- _THE PROBLEM_
In the records that follow, locate every line with "near" and extract it.

(Dataset excerpts)
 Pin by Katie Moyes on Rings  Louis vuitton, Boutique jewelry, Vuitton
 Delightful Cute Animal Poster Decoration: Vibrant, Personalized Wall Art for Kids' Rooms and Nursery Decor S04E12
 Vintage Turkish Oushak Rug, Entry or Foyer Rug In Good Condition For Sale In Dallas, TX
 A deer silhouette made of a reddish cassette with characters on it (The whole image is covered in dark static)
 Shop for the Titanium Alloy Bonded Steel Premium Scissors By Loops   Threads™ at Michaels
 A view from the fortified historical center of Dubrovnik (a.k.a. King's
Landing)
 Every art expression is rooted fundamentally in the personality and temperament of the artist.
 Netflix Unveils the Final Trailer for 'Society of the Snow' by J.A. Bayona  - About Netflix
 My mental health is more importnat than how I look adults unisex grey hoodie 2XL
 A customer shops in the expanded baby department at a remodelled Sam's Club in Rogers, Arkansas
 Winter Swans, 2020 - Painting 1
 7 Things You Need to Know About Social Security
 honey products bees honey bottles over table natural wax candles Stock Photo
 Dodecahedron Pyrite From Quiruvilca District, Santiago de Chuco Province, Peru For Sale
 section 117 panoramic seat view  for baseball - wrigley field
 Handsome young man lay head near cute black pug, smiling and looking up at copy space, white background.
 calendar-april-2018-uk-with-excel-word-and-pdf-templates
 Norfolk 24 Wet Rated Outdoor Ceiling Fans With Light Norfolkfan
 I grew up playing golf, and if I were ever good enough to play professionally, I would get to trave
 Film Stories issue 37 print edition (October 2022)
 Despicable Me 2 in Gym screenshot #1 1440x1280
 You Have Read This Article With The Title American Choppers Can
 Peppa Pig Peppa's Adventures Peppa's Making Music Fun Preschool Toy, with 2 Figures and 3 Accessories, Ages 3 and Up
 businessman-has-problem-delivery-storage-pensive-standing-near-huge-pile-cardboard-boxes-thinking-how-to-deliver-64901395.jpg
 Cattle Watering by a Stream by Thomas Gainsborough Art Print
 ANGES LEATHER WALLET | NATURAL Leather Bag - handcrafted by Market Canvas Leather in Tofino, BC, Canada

- _SOLUTION TO THIS EXERCISE_
 Handsome young man lay head near cute black pug, smiling and looking up at copy space, white background.
 businessman-has-problem-delivery-storage-pensive-standing-near-huge-pile-cardboard-boxes-thinking-how-to-deliver-64901395.jpg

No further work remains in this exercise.